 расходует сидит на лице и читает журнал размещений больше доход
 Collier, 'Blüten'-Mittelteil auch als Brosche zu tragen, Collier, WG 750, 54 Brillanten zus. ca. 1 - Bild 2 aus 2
...
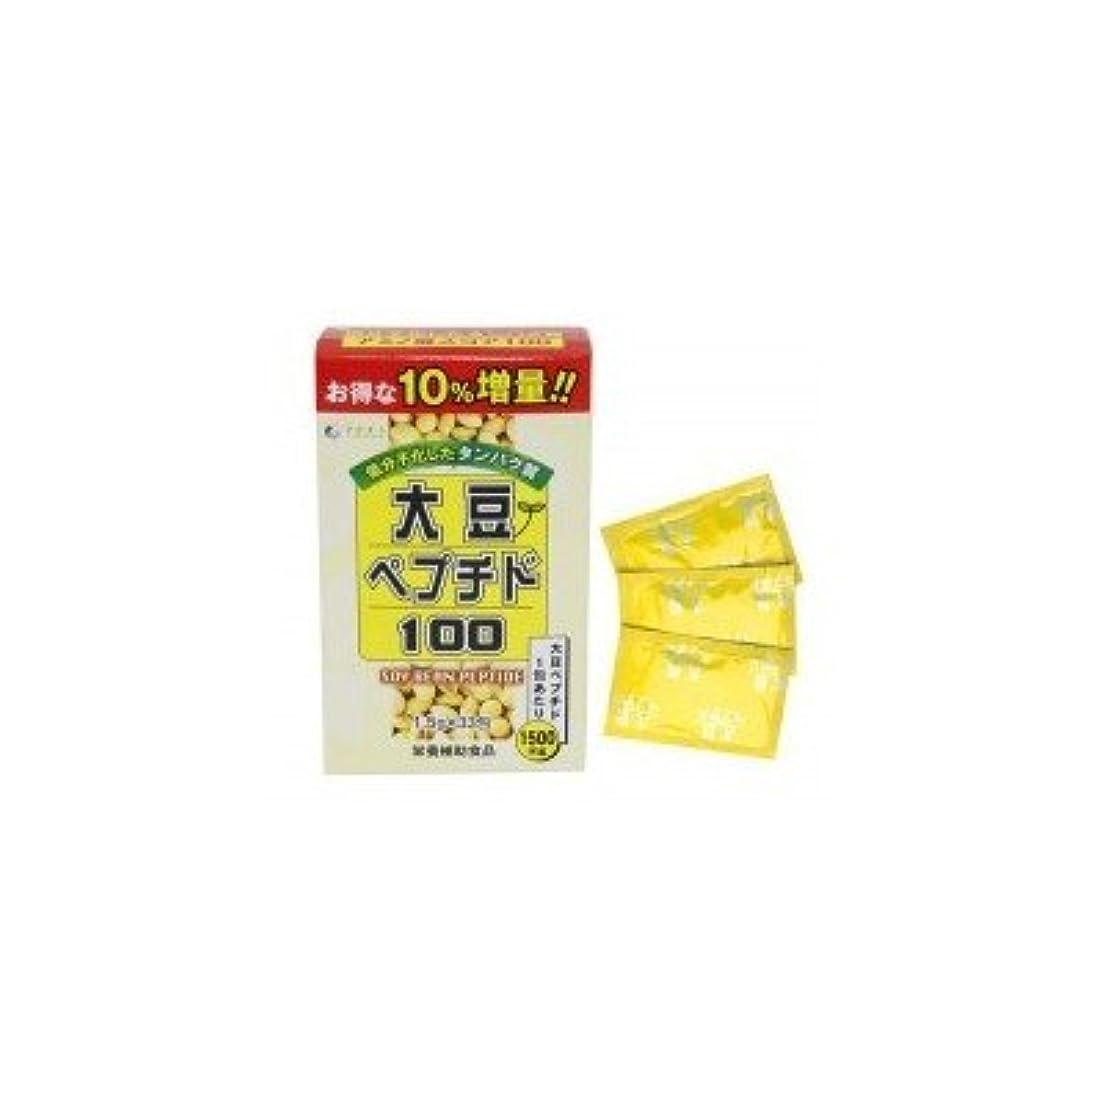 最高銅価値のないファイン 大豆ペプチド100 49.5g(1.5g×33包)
---
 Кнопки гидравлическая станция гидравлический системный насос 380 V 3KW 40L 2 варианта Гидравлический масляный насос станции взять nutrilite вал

*What you will do:*
In the listing above, locate the line containing "расходует сидит на" and the line containing "Collier, 'Blüten'-Mittelteil auch". Transcribe those two lines and everything between them, exactly as written.

*Exercise result:*
 расходует сидит на лице и читает журнал размещений больше доход
 Collier, 'Blüten'-Mittelteil auch als Brosche zu tragen, Collier, WG 750, 54 Brillanten zus. ca. 1 - Bild 2 aus 2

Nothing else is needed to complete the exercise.